__The task__. Only the pictures are to be dropped; return all other data below exactly.

__Exercise data__.
Start of Block

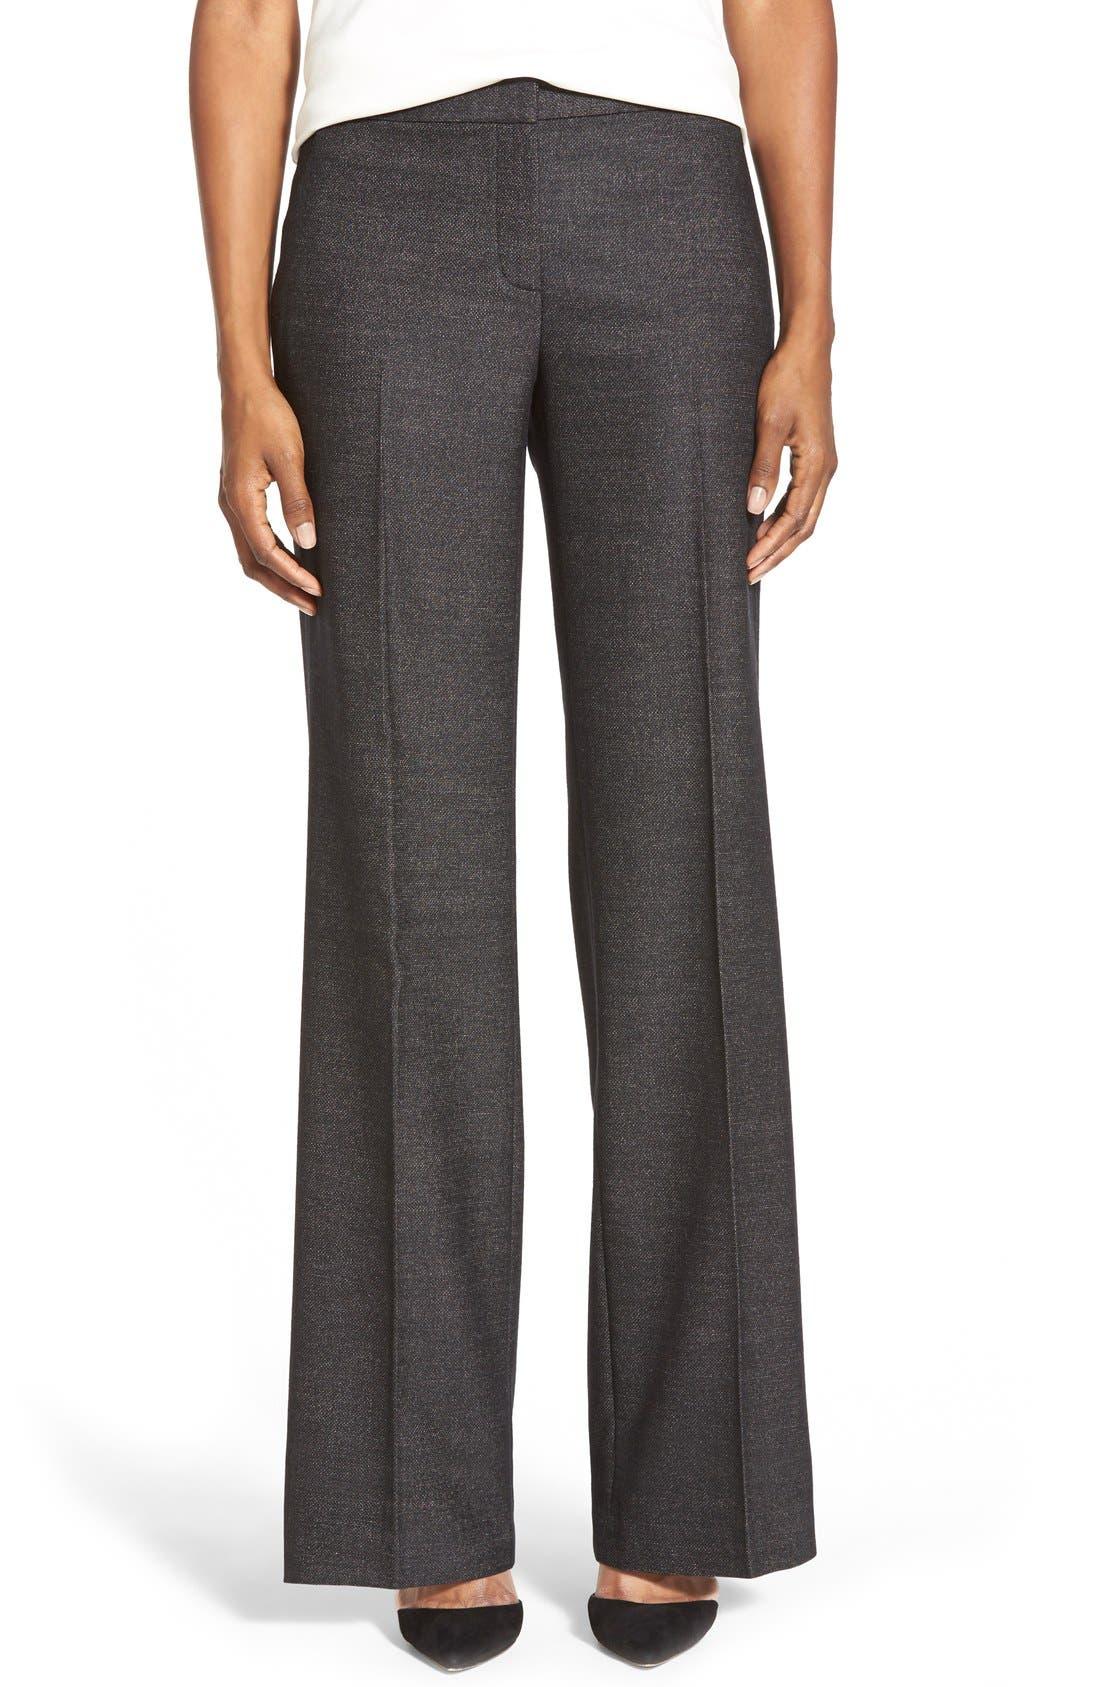 Main Image - Classiques Entier® 'Verona' Suiting Trousers (Regular & Petite)
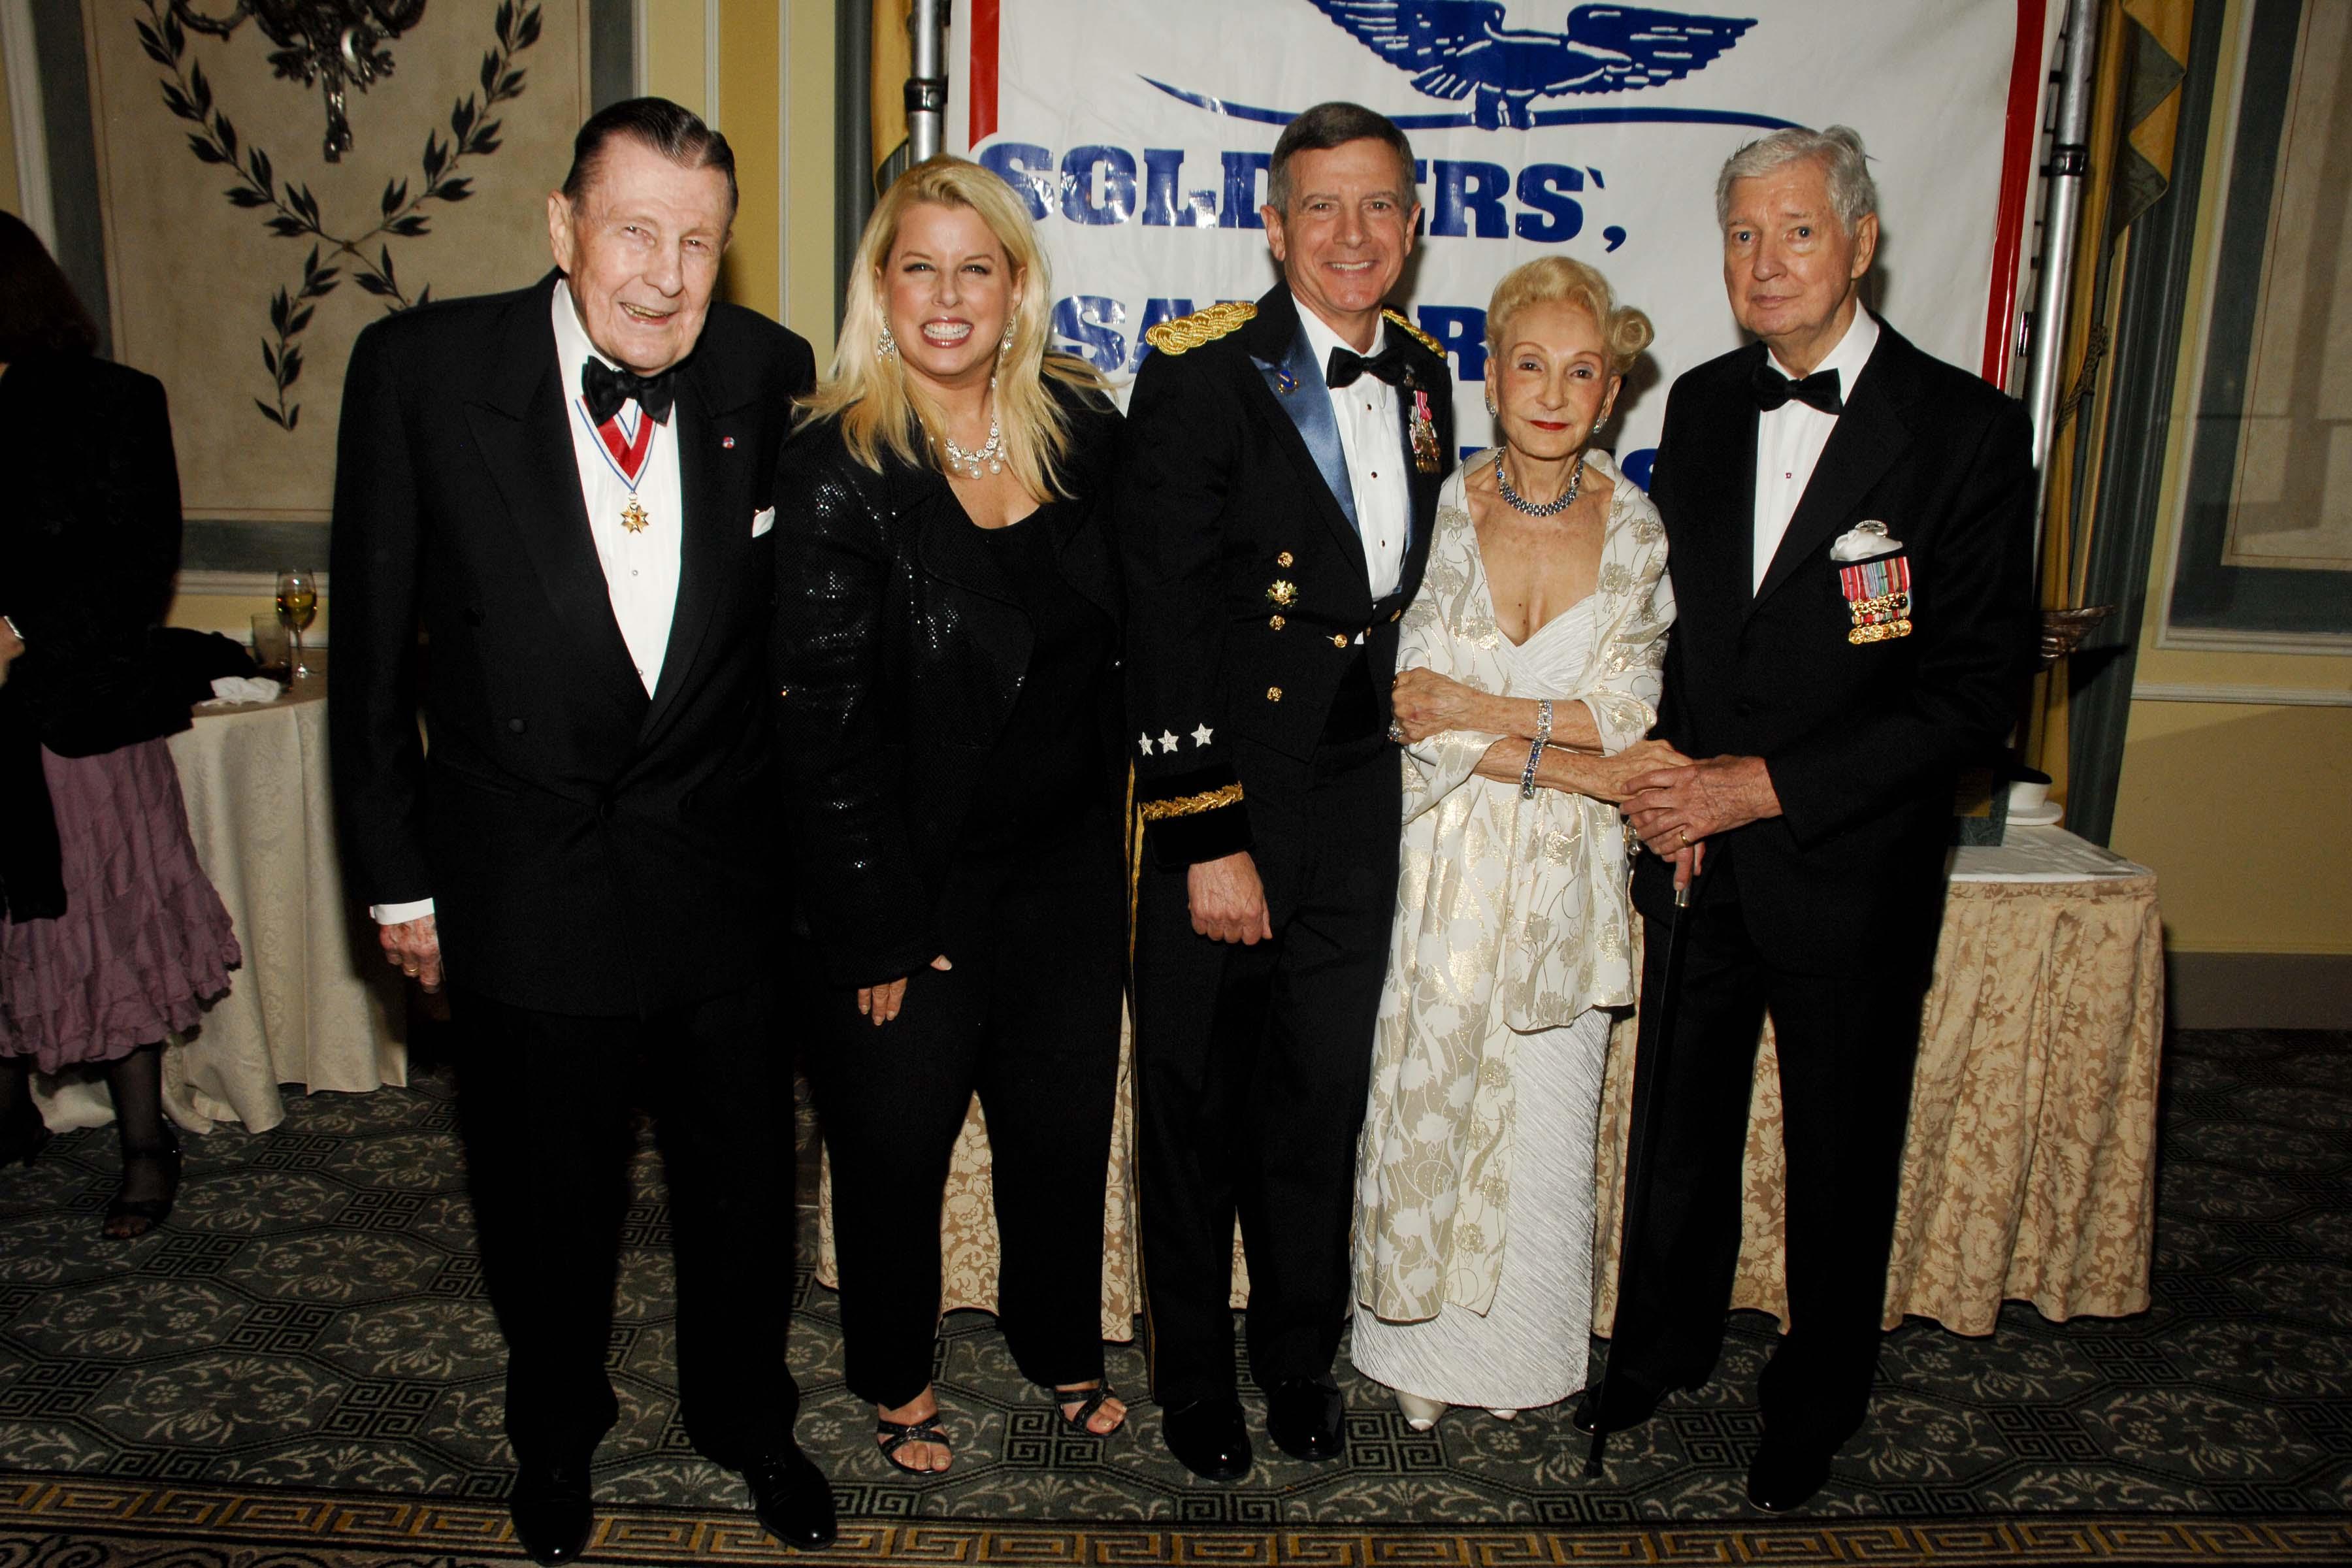 L to R Ivan Obolensky, Rita Cosby, General William J. Troy, Kate Wickham, and Dr. Robert Wickham
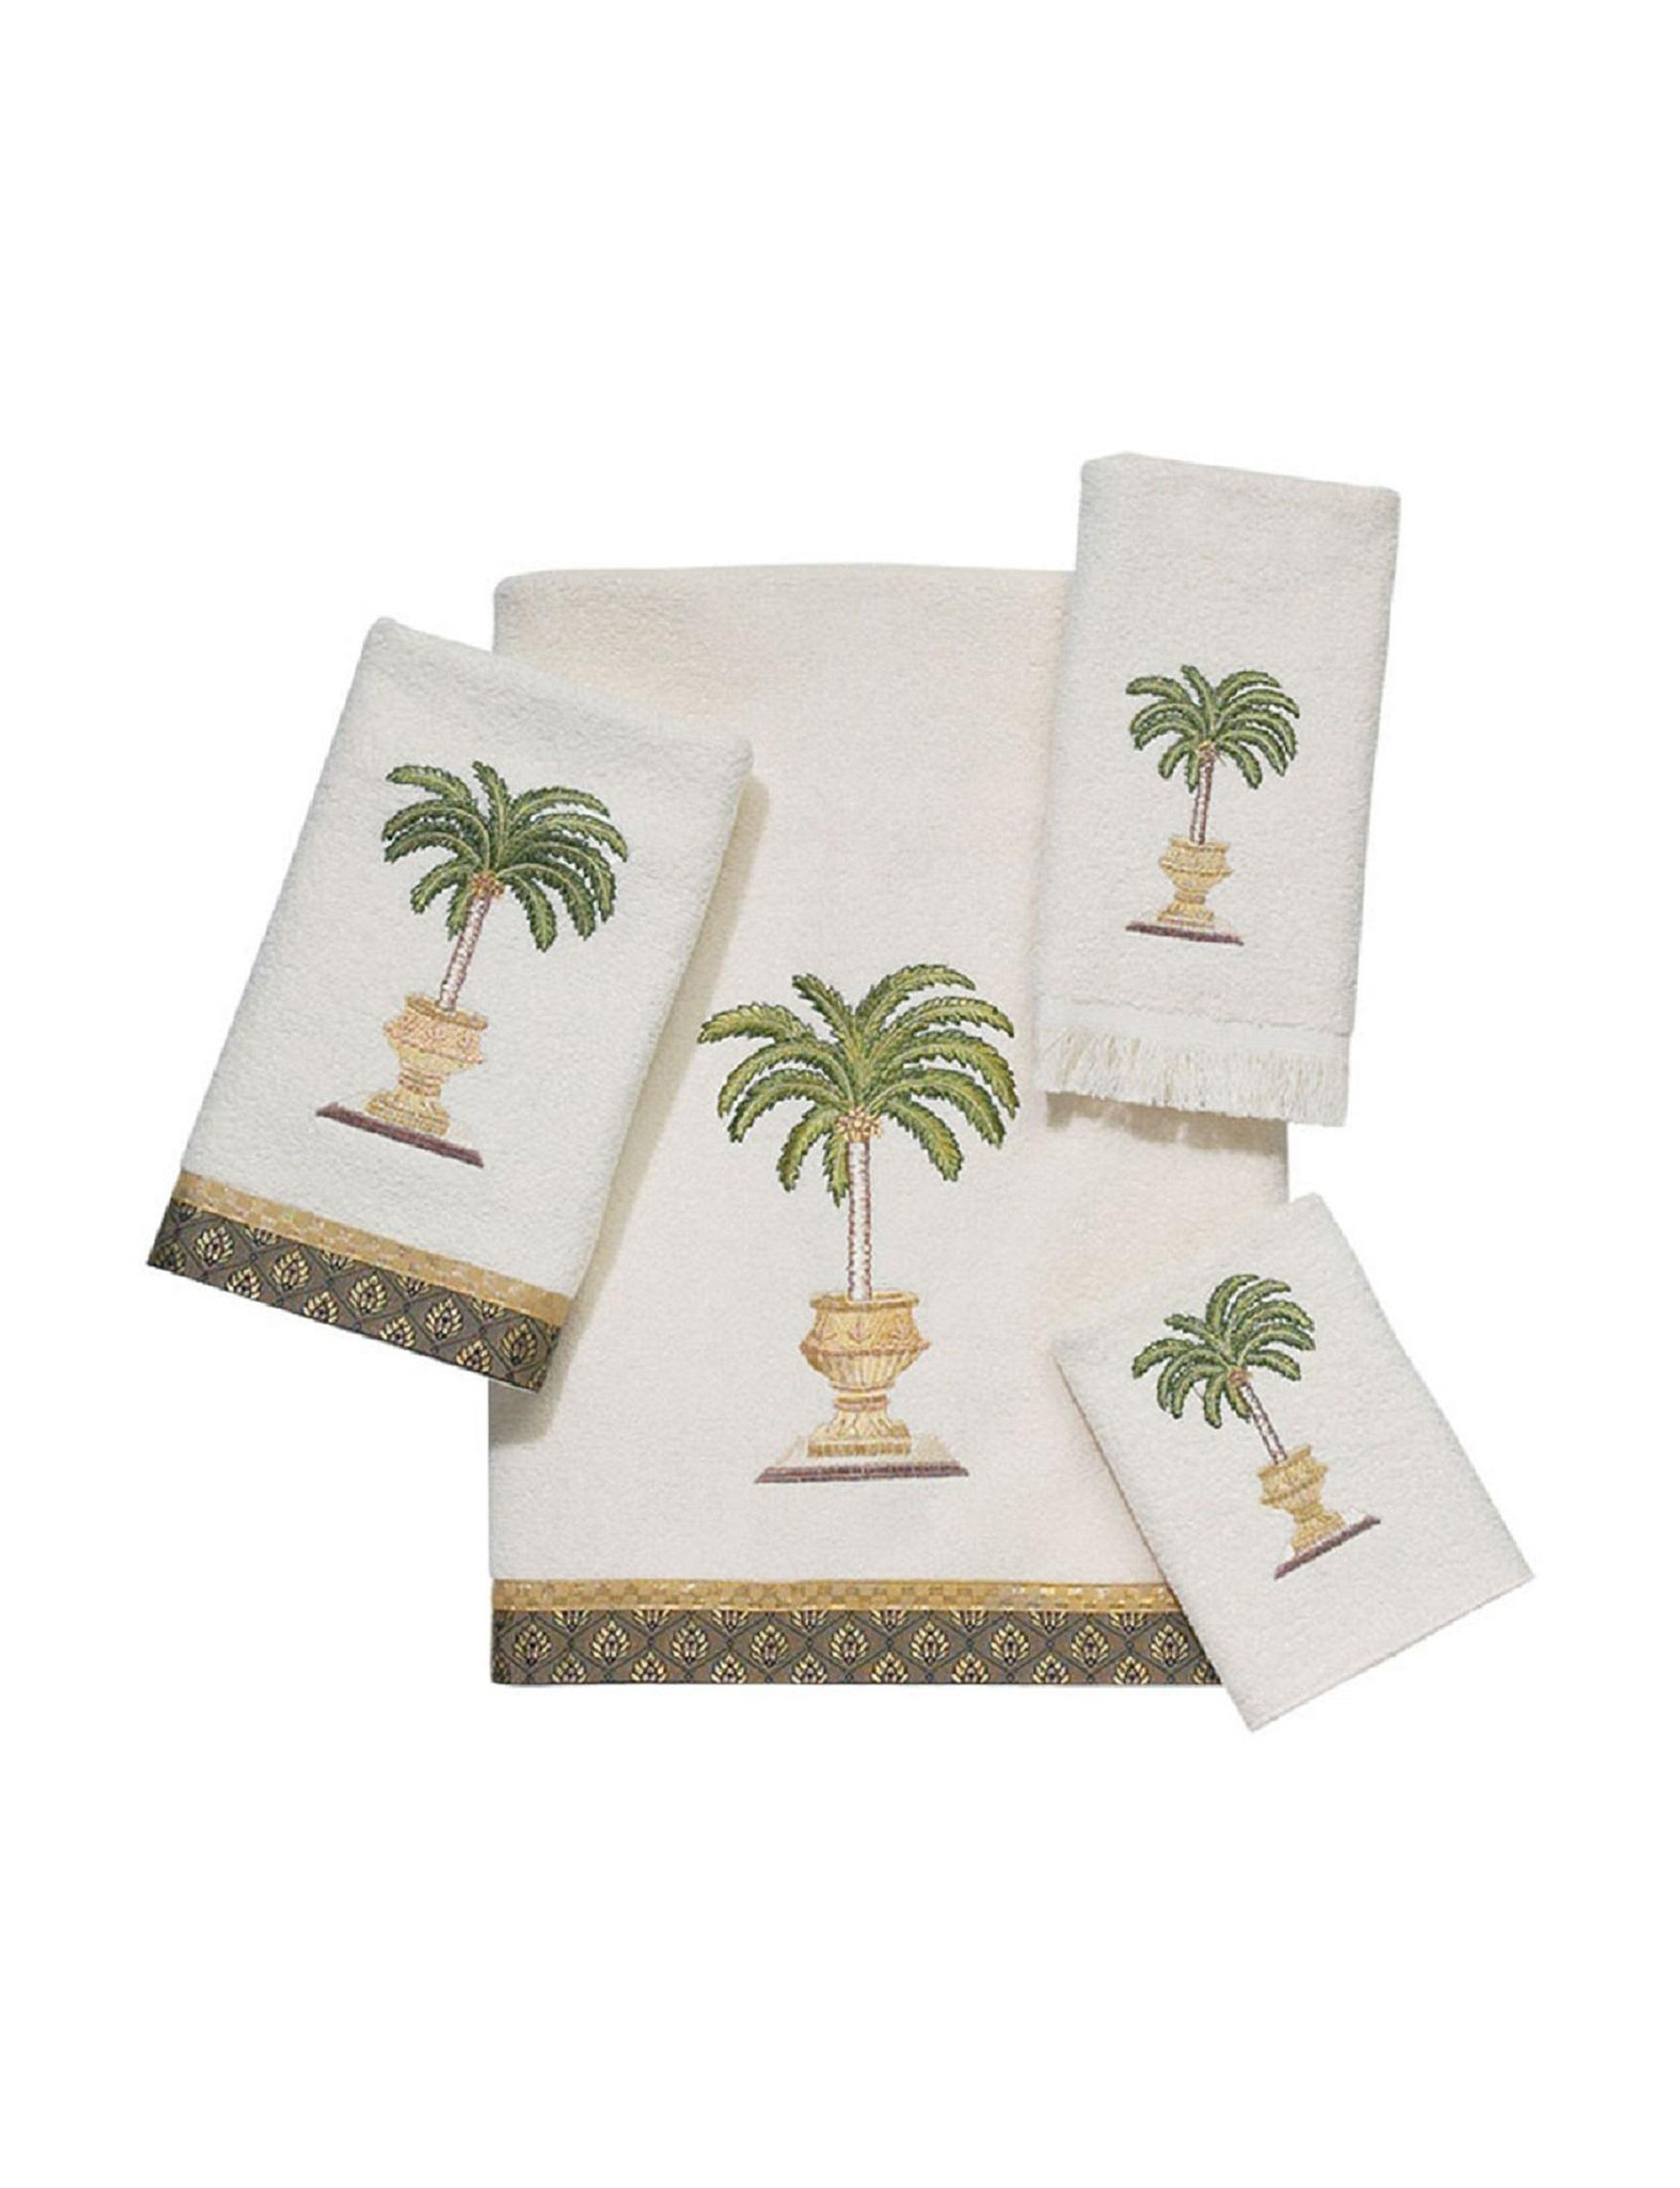 Avanti Ivory Towel Sets Towels

End of Block

__Output for this exercise__.
 Main Image - Classiques Entier® 'Verona' Suiting Trousers (Regular & Petite)
 L to R Ivan Obolensky, Rita Cosby, General William J. Troy, Kate Wickham, and Dr. Robert Wickham
 Avanti Ivory Towel Sets Towels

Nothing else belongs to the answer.